终于,灵光一现,苏澈有了计较。

    苛捐杂税也是相对于前朝而言的,他可以增加税种项目,但是,他也可以发布政令改善民生提高国民生产总值,令百姓完全有那个实力去承担繁重于前朝的税种。

    拊掌慨叹,他真他娘地是个人才!

    想明白了纠结难题,心情大好的苏澈便打算去天牢走一走他跟天命之子必走的剧情,虽然不能明着关心对方,但他可以去瞧瞧男主,初步掌握一下男主的精神面貌,思索日后的救赎对策。

    来到天牢,命人打开牢门,该说凑巧,男主也正好读档归来。

    瞧着瘫倒在地的男主姬玄,苏澈赶忙投入自己的角色当中,洗脑自己如今是渣男ls,为了达到这种效果,他特意没有去换下一身血腥的铠甲,就这般带着一身的杀戮气迈步走入其中。

    来到男主面前,半蹲下身,赶鸭子上架,尽量贴合一个基佬人设伸出手掐着对方的下巴,强迫男主正视自己。

    眼神之中也酝酿着戏,苏澈用着高高在上的命令口吻道:“从今日起,从苏姓,更名为十七,”拖长了语调,贴合人设道出了对方日后的位置地位,“而你,得学会喊我主人。

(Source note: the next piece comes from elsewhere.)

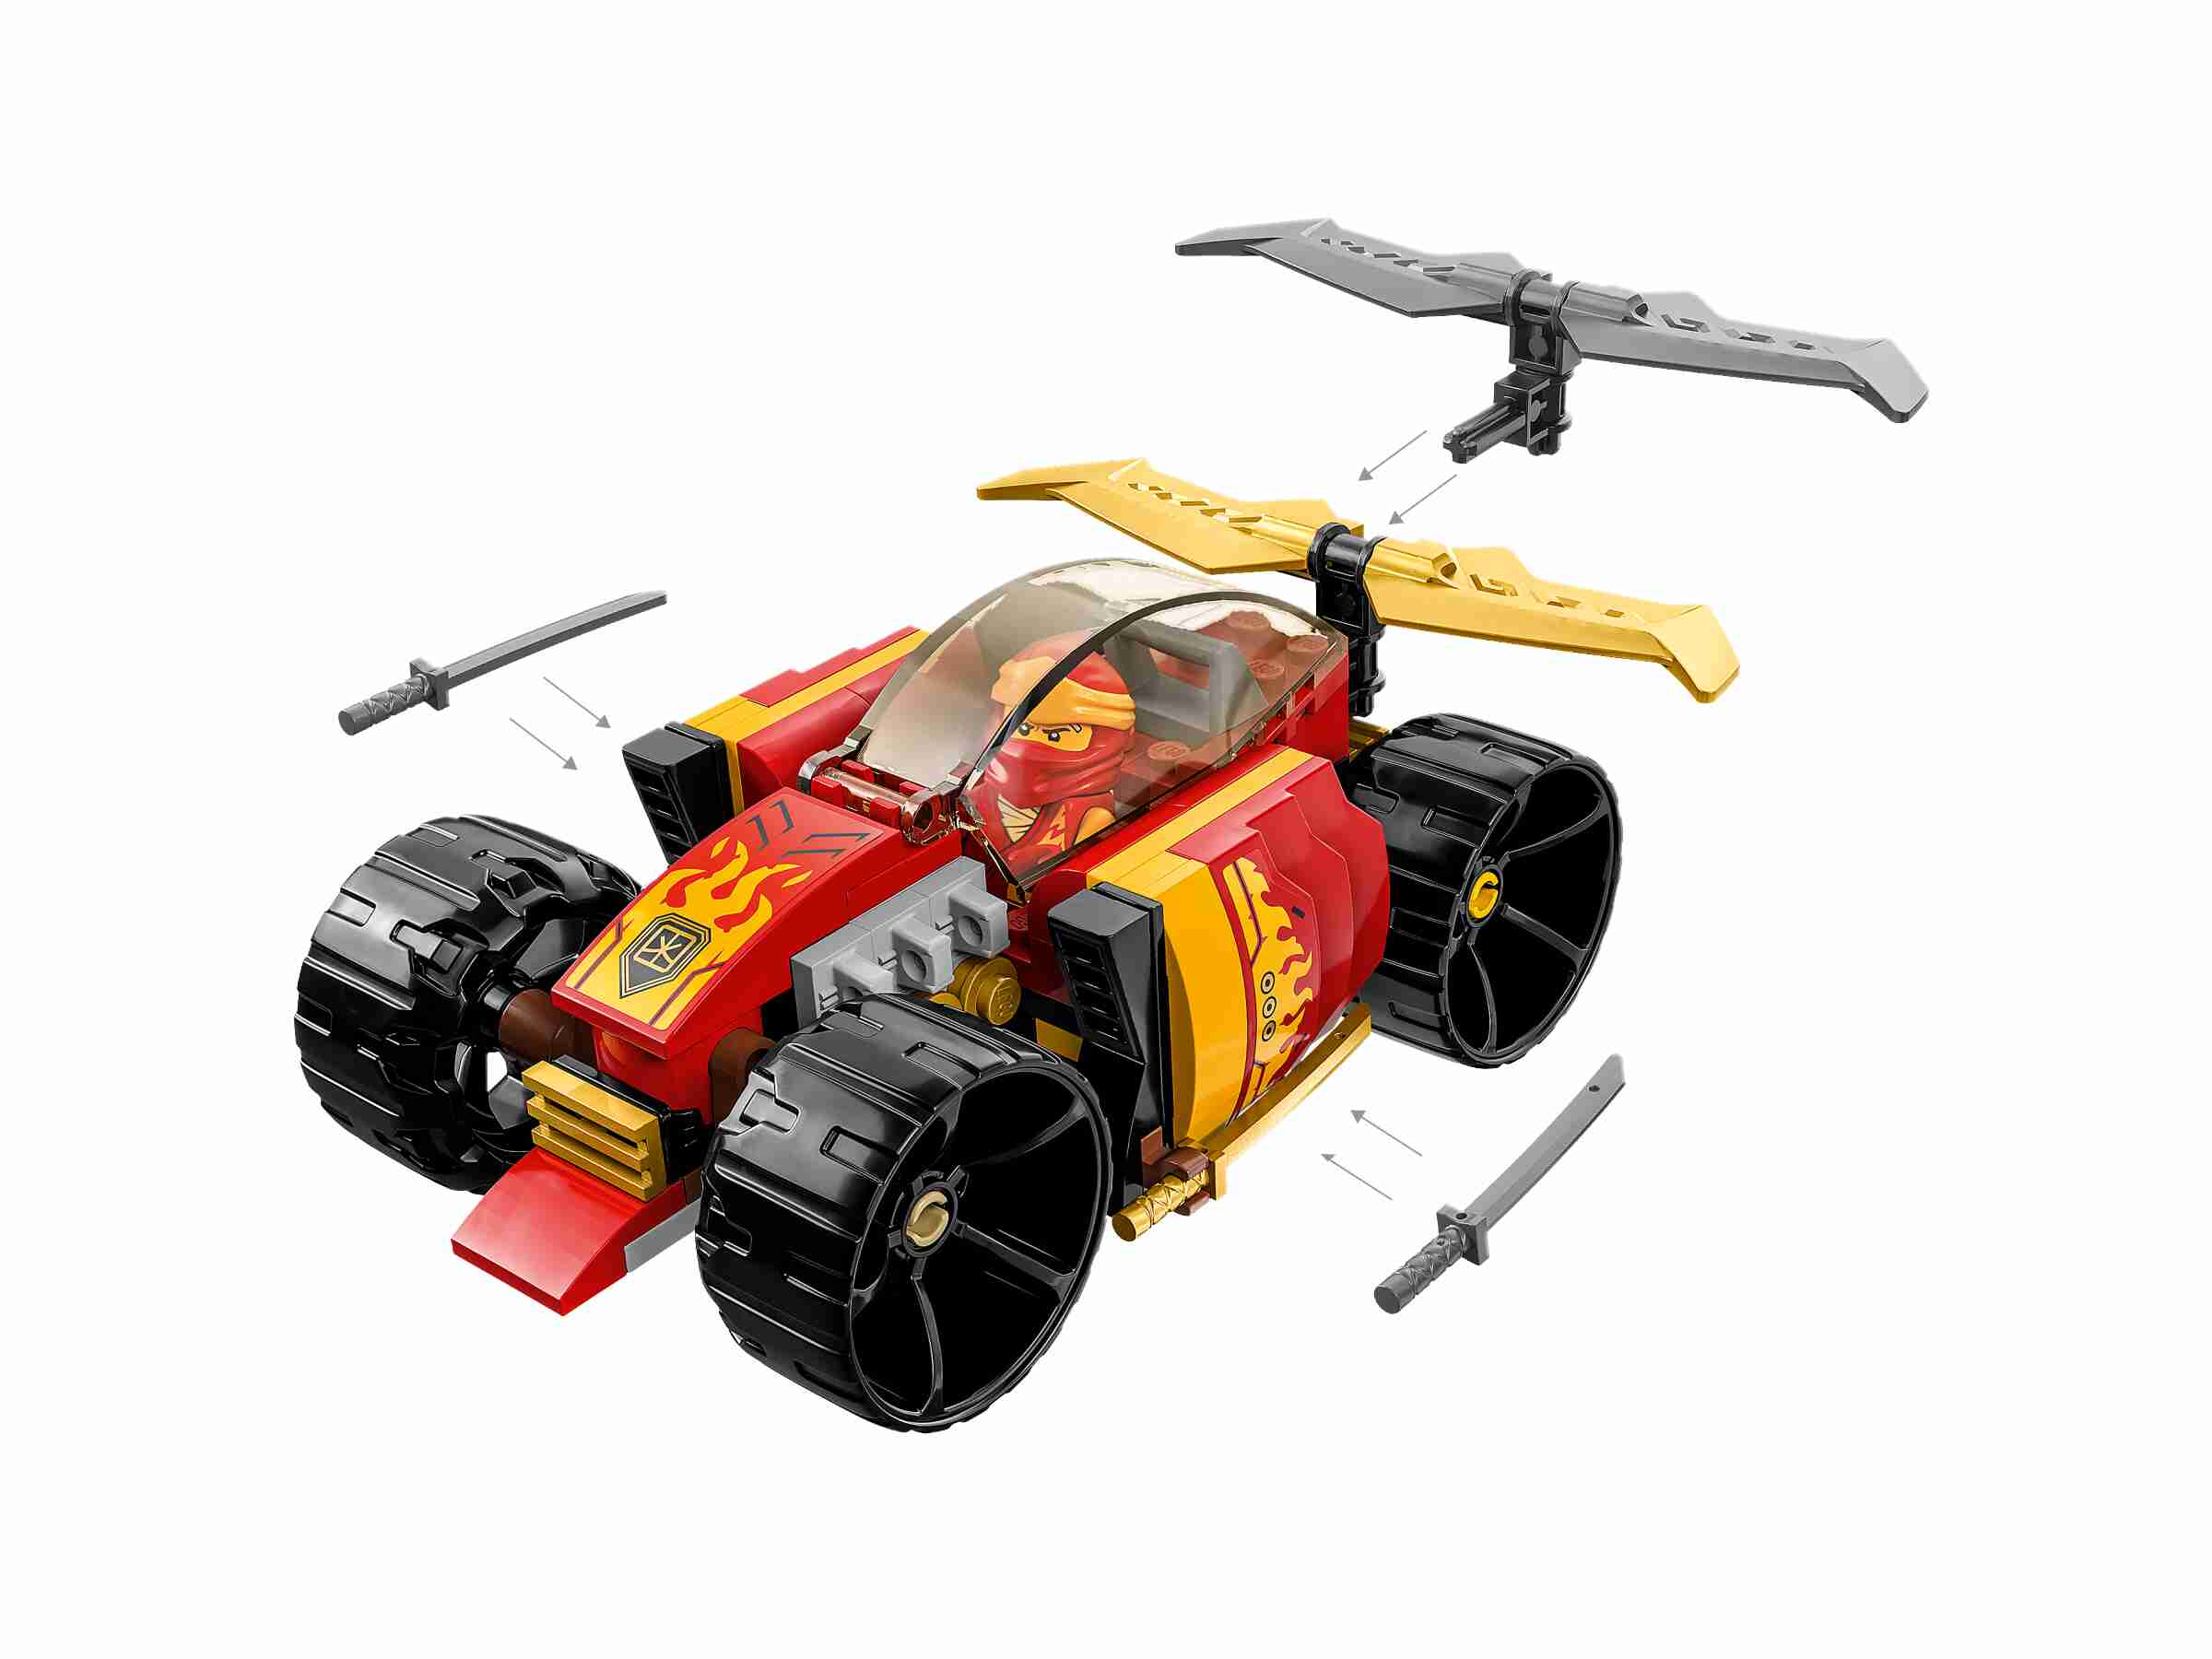 LEGO 71780 NINJAGO Kais Ninja-Rennwagen EVO, Minifigur Kai, 2 goldene Katanas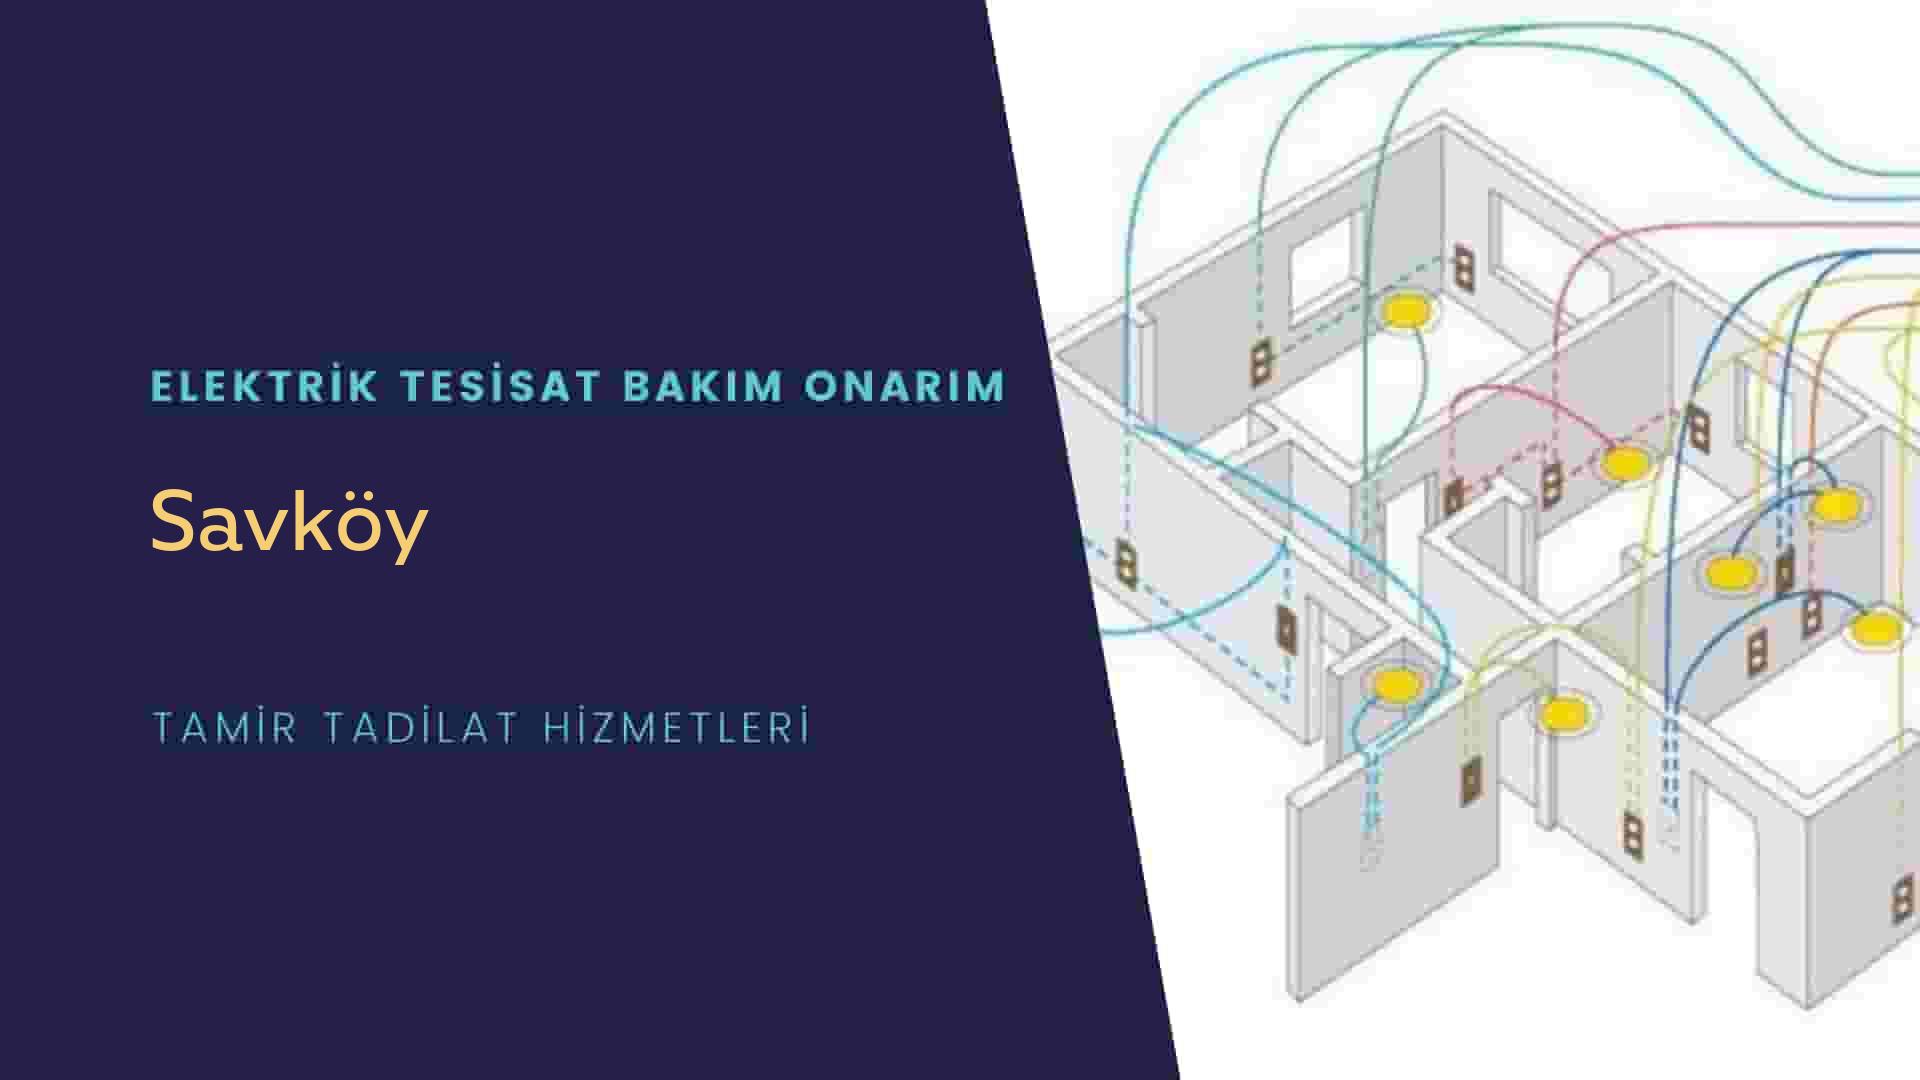 Savköy'de elektrik tesisatı ustalarımı arıyorsunuz doğru adrestenizi Savköy elektrik tesisatı ustalarımız 7/24 sizlere hizmet vermekten mutluluk duyar.

”

    之后便露出了非常符合反派形象的邪魅一笑,欣赏着男主姬玄挣扎而憎恶的目光。

    没错,就是这样,恨他、怨他、然后遵从大事件剧情杀了他。

    而这一次,他发誓,也将是男主最后经历这些糟糕而晦暗的往事,他会竭尽全力,摸清该世界的本源,打破这死循环,使该世界重回正轨。

    不出苏澈所料,铁骨铮铮的男主这一次还是遵循剧情,而且更加放肆大胆地啐了他一口唾沫,恨恨道:“你做梦!”

    按照人设,苏澈当然毫不犹豫赏了对方一结实耳光,打得男主摔倒在地,唇角沾满了鲜血,可以说是将渣男本渣的属性发挥得淋漓尽致。

    站起身来,居高临下如瞧着蝼蚁一般俯视着男主,苏澈做完了恶人,如今却作出一副好商量的君子之态,温和道:“什么时候想明白了,朕再来看你。”

    刷完了必走的剧情,苏澈毫不留恋地离去,任由男主在天牢之中自生自灭,临走之前,他不忘嘱咐狱卒,“嘴挺硬看样子吃得挺饱,饭便不用让他吃了。”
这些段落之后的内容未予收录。